In the records below, the line with "Little Dutch Ice" and every line after it must be written out exactly; no pictures belong in the result.

[[ PROVIDED DATA open ]]

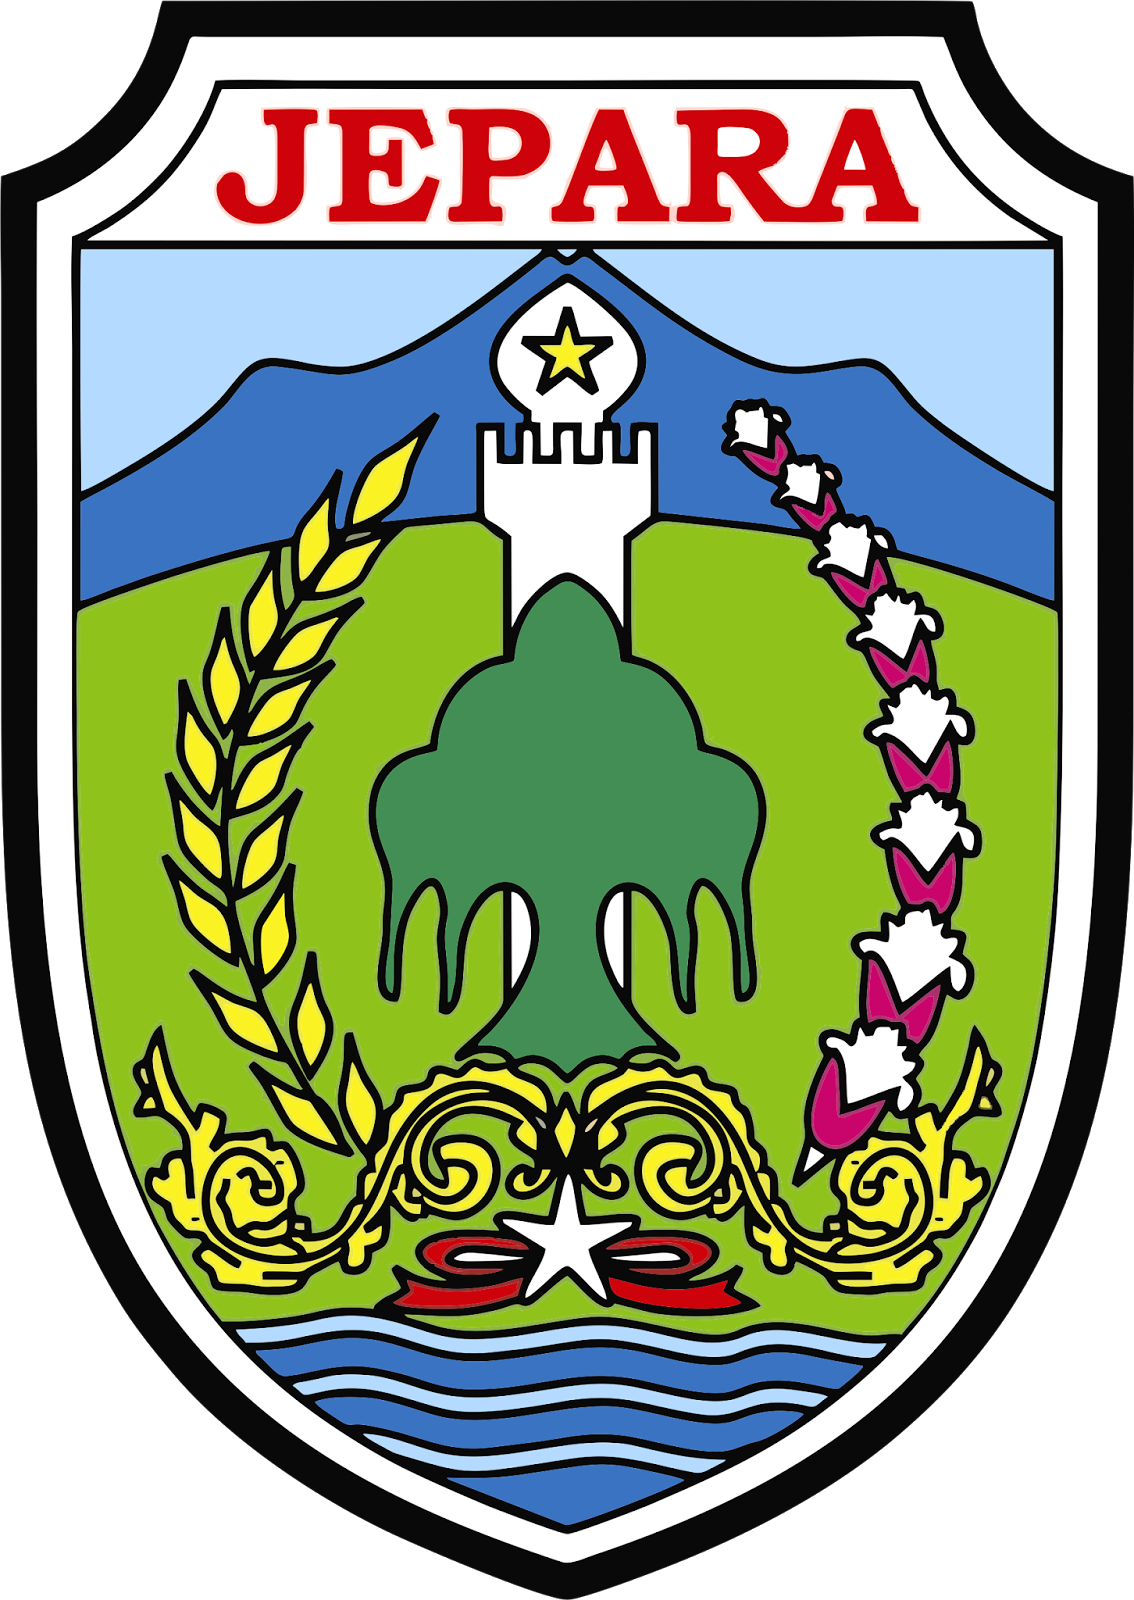 Desain Logo Kabupaten Jepara Jawa Tengah
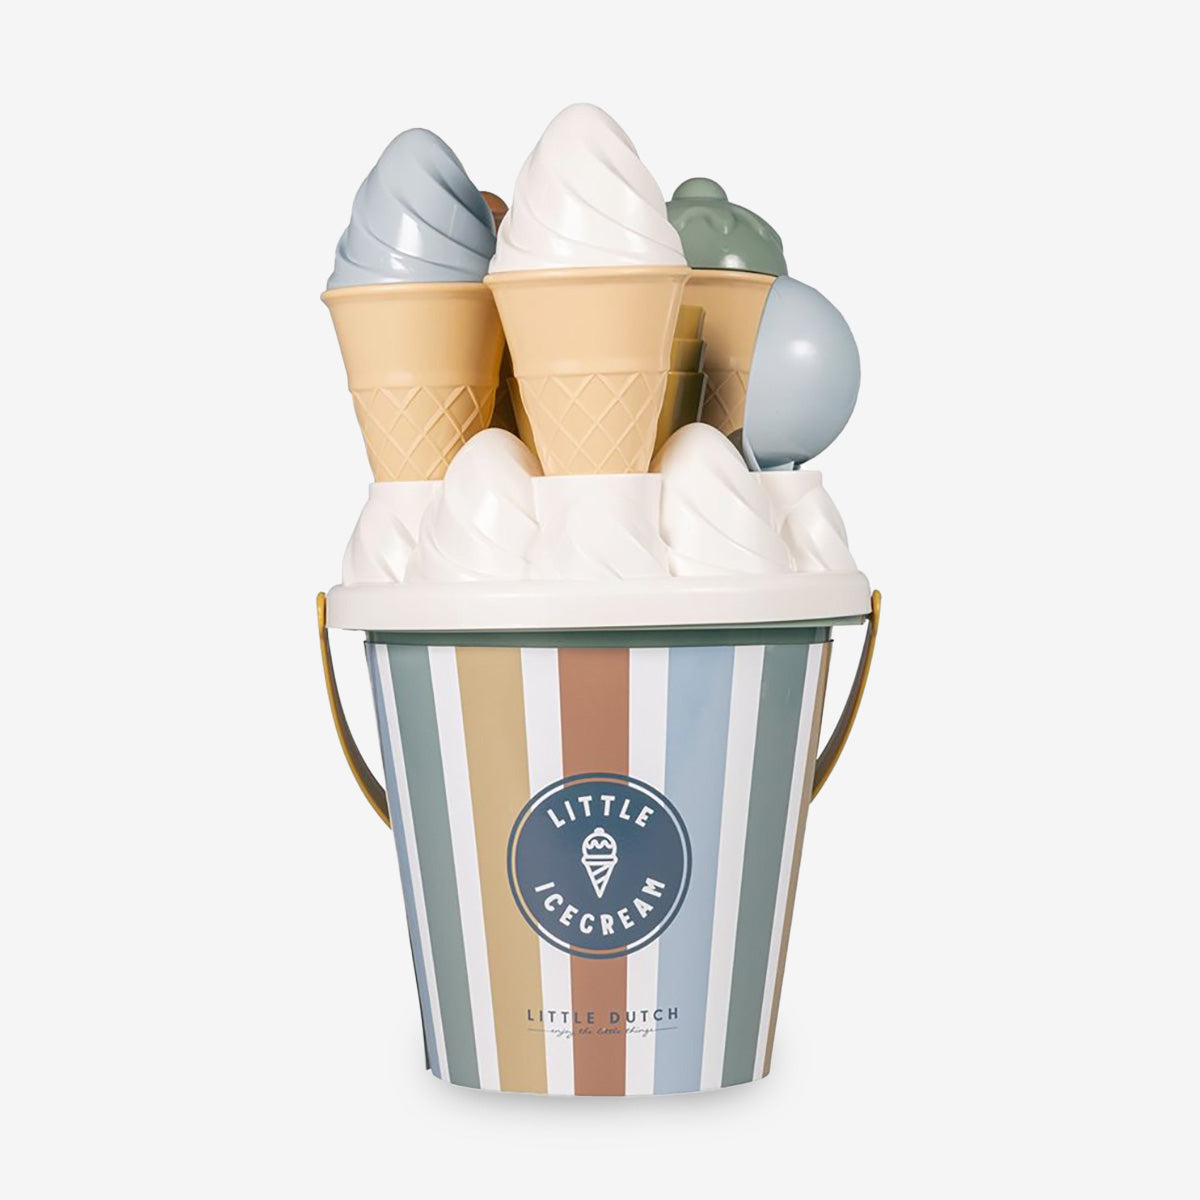 Little Dutch Ice Cream Beach Bucket Set - Vintage
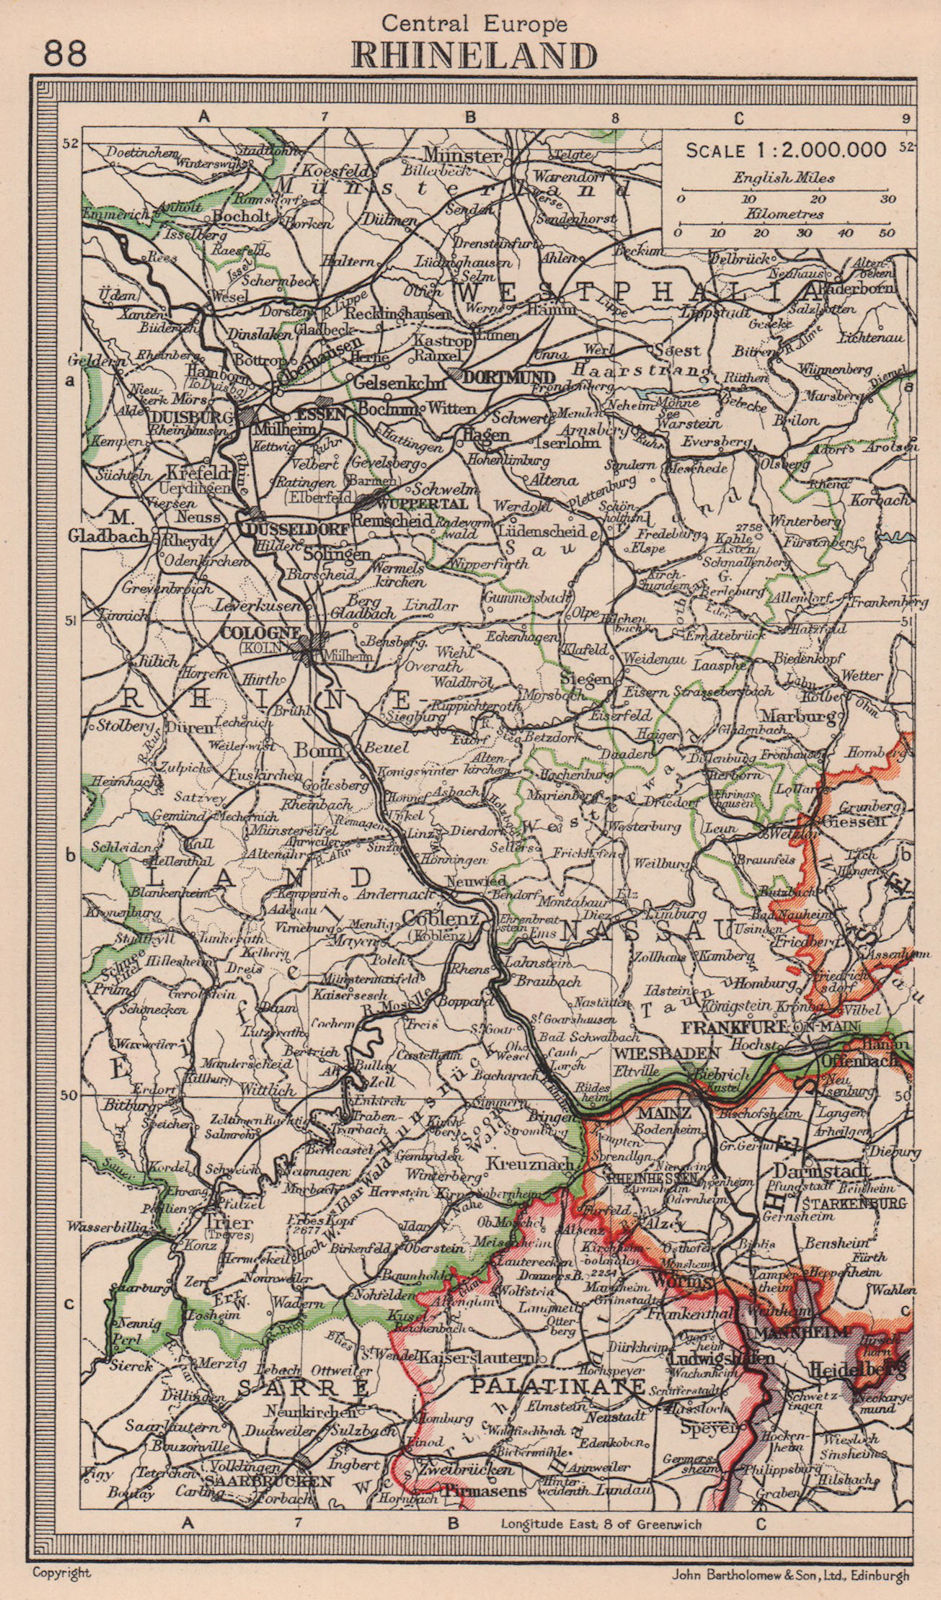 Associate Product Rhineland. Westphalia. Germany. BARTHOLOMEW 1949 old vintage map plan chart
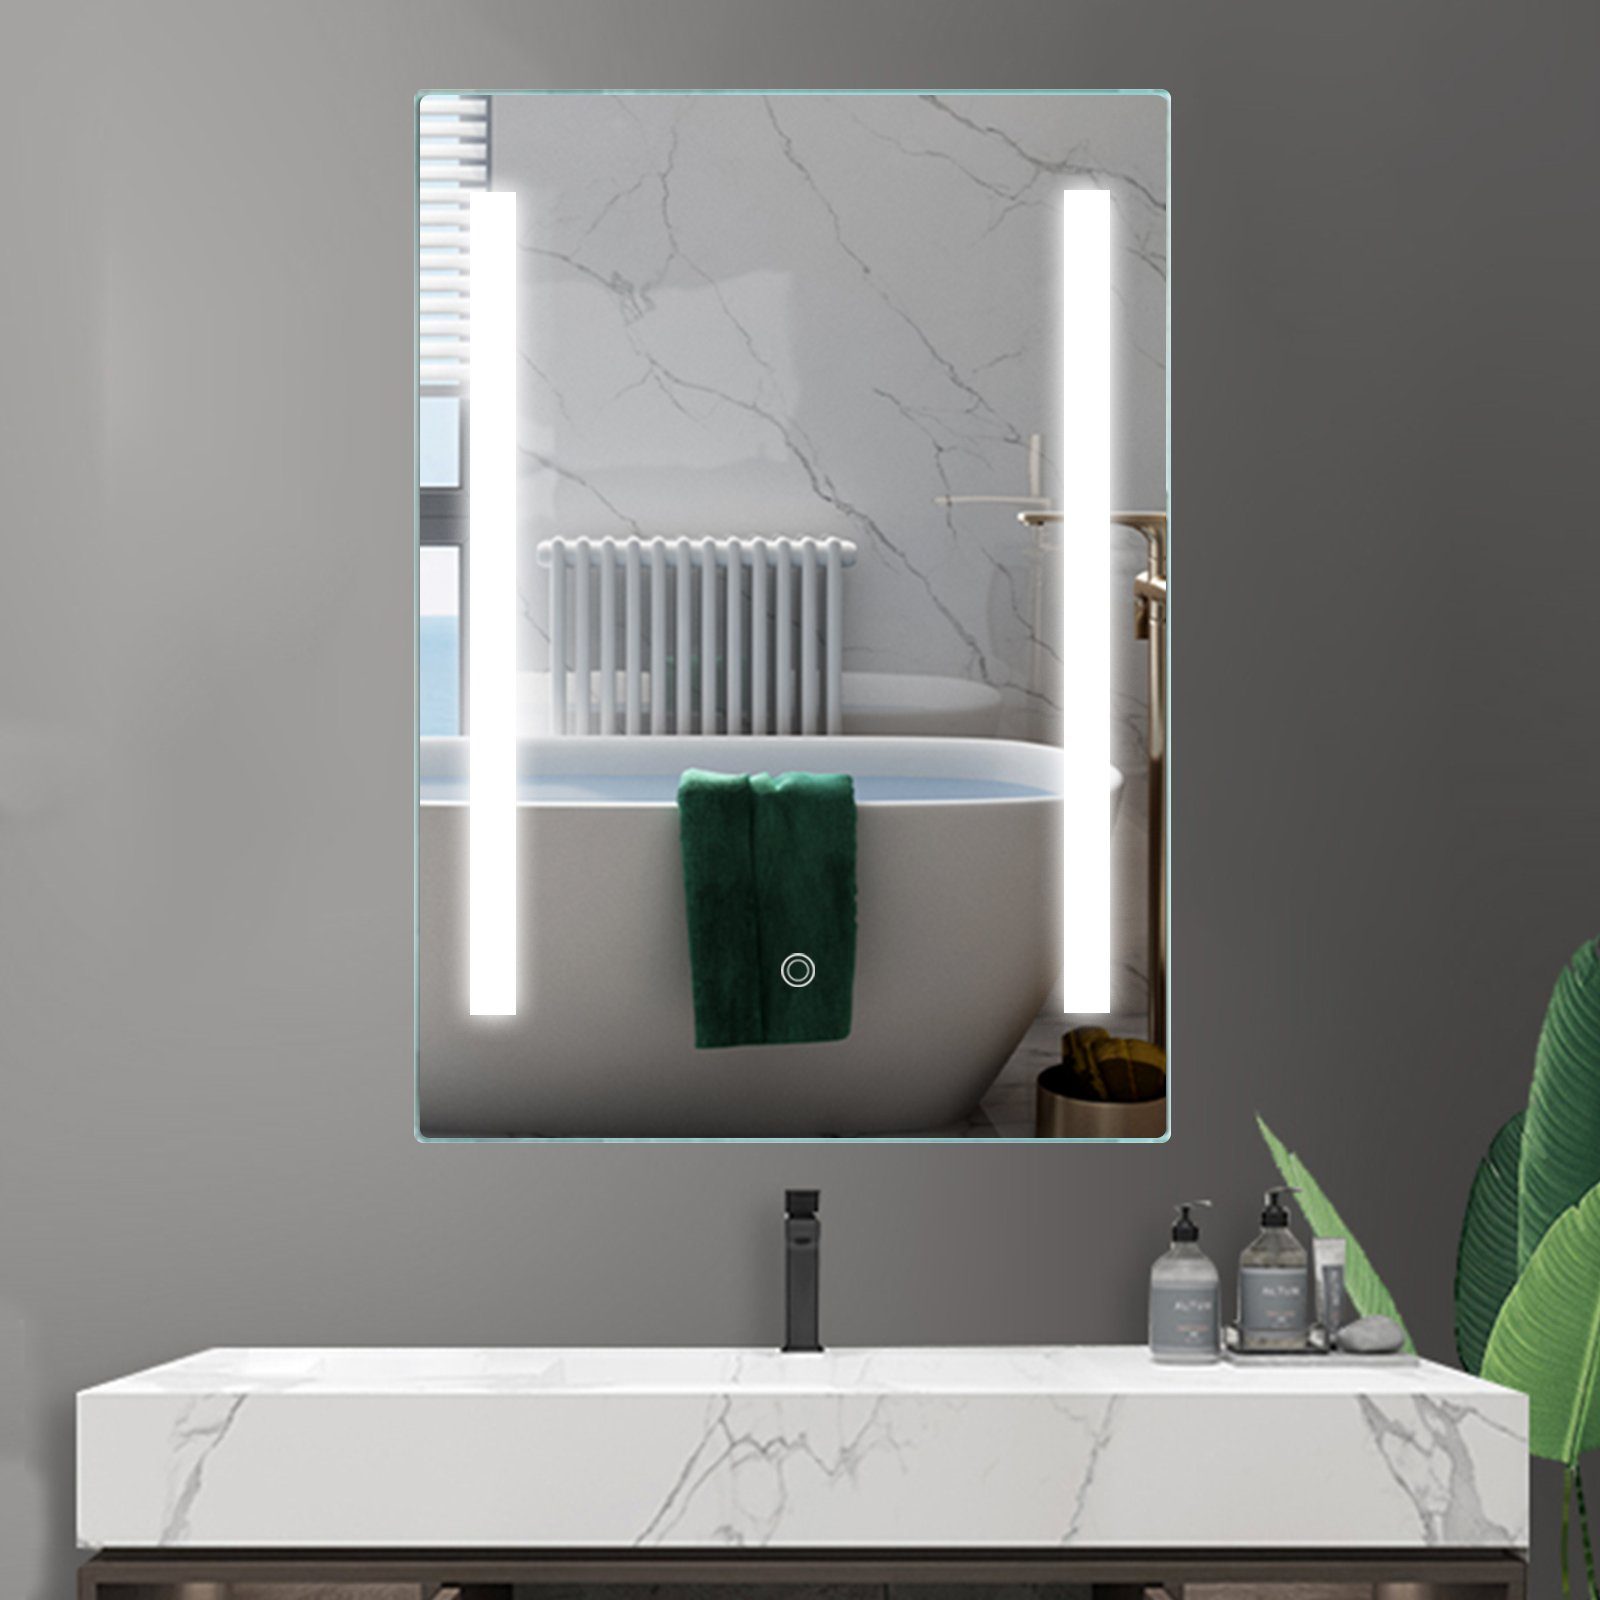 Lichtspiegel Badezimmerspiegel Wandspiegel IMPTS LED Bad Spiegel 50x70cm Badspiegel mit Beleuchtung Touchschalter Antibeschlag Dimmbar neutralweiss IP44
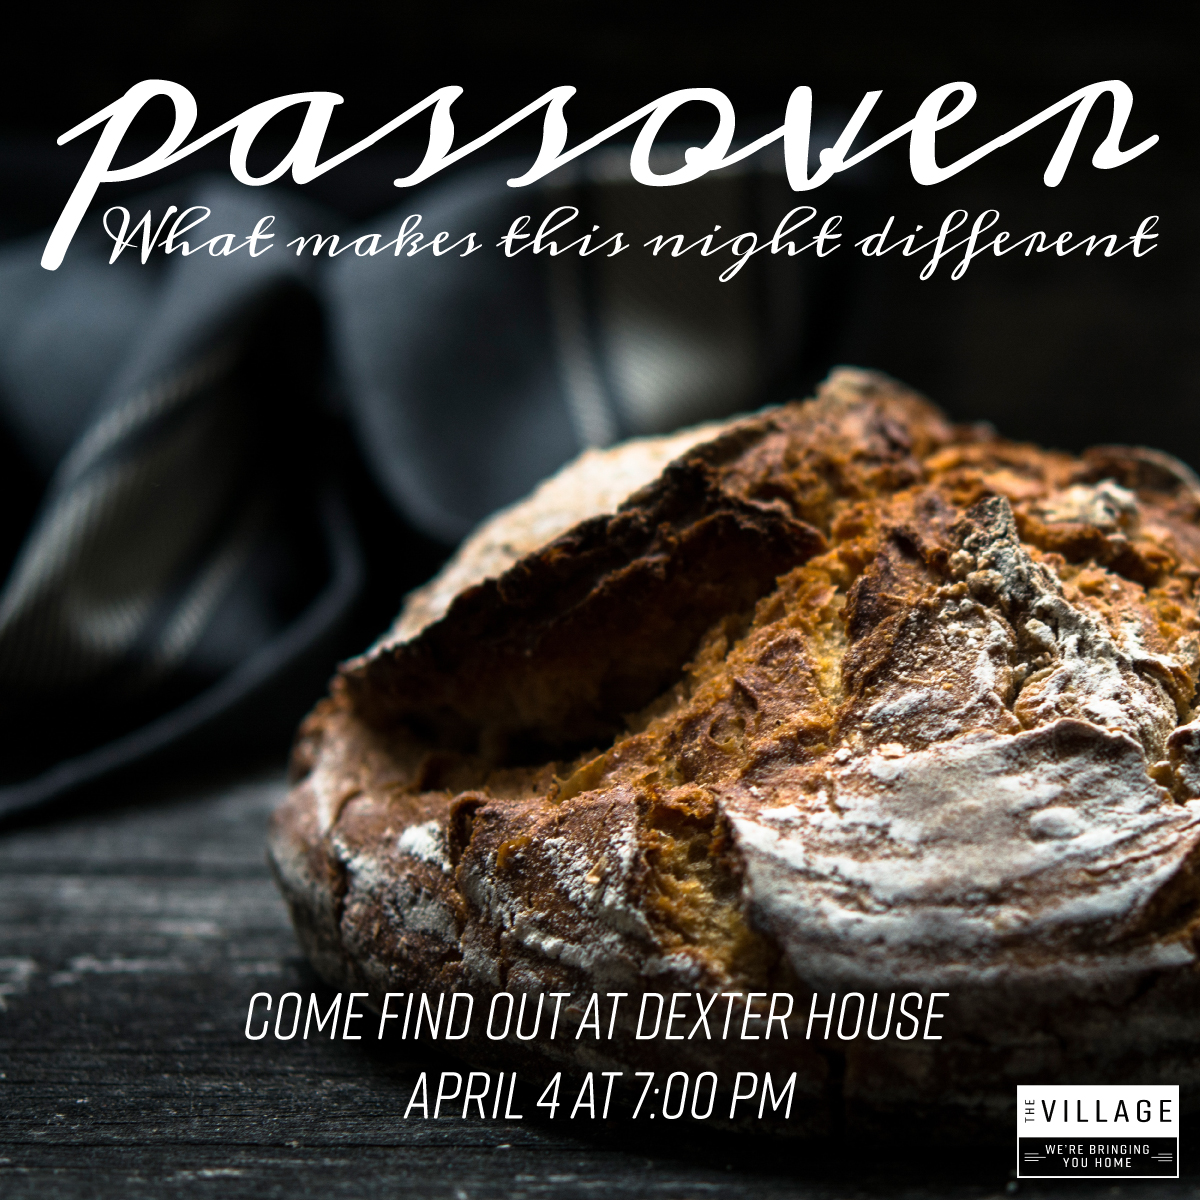 Village-Passover-FB-Insta.jpg

[[ PROVIDED DATA closed ]]

ANSWER AREA:
 Little Dutch Ice Cream Beach Bucket Set - Vintage
 Associate Product Rhineland. Westphalia. Germany. BARTHOLOMEW 1949 old vintage map plan chart
 Lichtspiegel Badezimmerspiegel Wandspiegel IMPTS LED Bad Spiegel 50x70cm Badspiegel mit Beleuchtung Touchschalter Antibeschlag Dimmbar neutralweiss IP44
 Village-Passover-FB-Insta.jpg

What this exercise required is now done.